Diblock and Random Antifouling Bioactive Polymer Brushes on Gold Surfaces by Visible-Light-Induced Polymerization (SI-PET-RAFT) in Water

Surface-initiated photoinduced electron-transfer-reversible addition-fragmentation chain transfer (SI-PET-RAFT) is, for the first time, used for the creation of antifouling polymer brushes on gold surfaces based on three monomers: oligo(ethylene glycol) methyl ether methacrylate (MeOEGMA), N-(2-hydroxypropyl) methacrylamide (HPMA), and carboxybetaine methacrylamide (CBMA). These coatings are subsequently characterized by X-ray photoelectron spectroscopy (XPS) and ellipsometry.

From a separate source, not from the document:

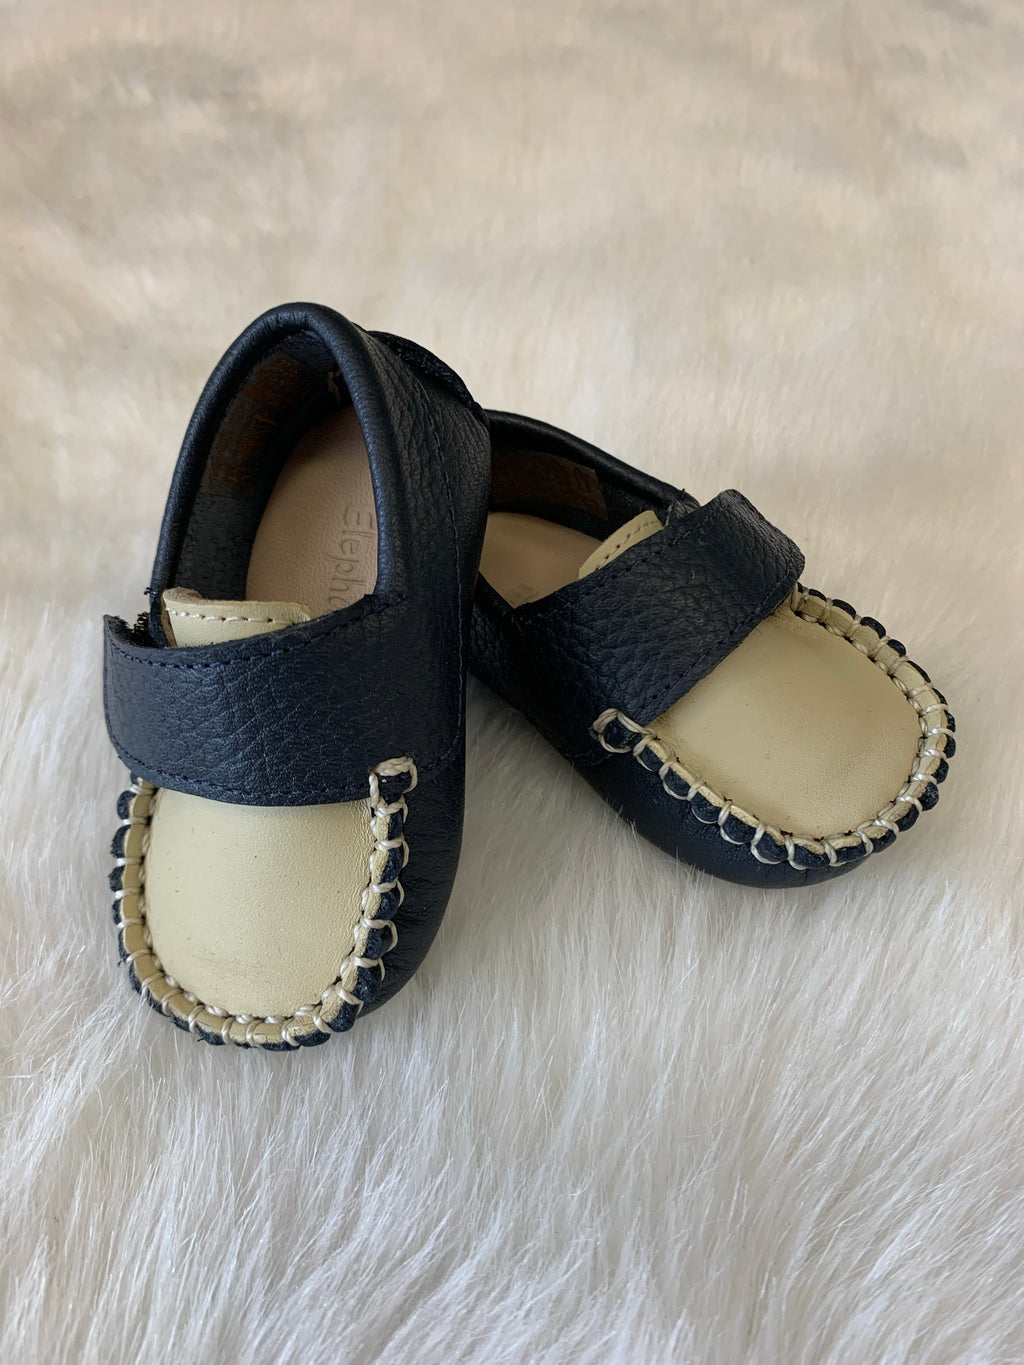 Elephantito Oliver Blue and Tan Baby Shoe

The living nature of this polymerization allows for the creation of random and diblock copolymer brushes, which are based on HPMA (superb antifouling) and CBMA (good antifouling and functionalizable via activated ester chemistry). The polymer brushes demonstrate good antifouling properties against undiluted human serum, as monitored by quartz crystal microbalance with dissipation (QCM-D) and surface plasmon resonance (SPR) spectroscopy in real time. The amount of immobilization of bioactive moieties, here an antibody immobilized using N-succinimidyl ester-1-ethyl-3-(3-dimethylaminopropyl)carbodiimide hydrochloride (NHS-EDC) coupling, in the diblock and random copolymer brushes is monitored by SPR, and is analyzed with respect to the brush structure, and is shown to be superior in the diblock copolymer brush. This approach represents a scalable, robust, mild, oxygen-tolerant, and heavy-metal-free route toward the production of antifouling and functional copolymer brushes (on gold surfaces) that open up applications in biosensing and tissue engineering.

Automated summary

Surface-initiated photoinduced electron-transfer-reversible addition-fragmentation chain transfer (SI-PET-RAFT) was utilized for the first time to create antifouling polymer brushes on gold surfaces. The polymerization process allowed for the production of random and diblock copolymer brushes, demonstrating excellent antifouling properties against undiluted human serum. The amount of bioactive moiety immobilization in the polymer brushes was analyzed with respect to brush structure, showing superior results in the diblock copolymer brush. This approach provides a scalable, robust, mild, oxygen-tolerant, and heavy-metal-free method for producing antifouling and functional copolymer brushes with potential applications in biosensing and tissue engineering.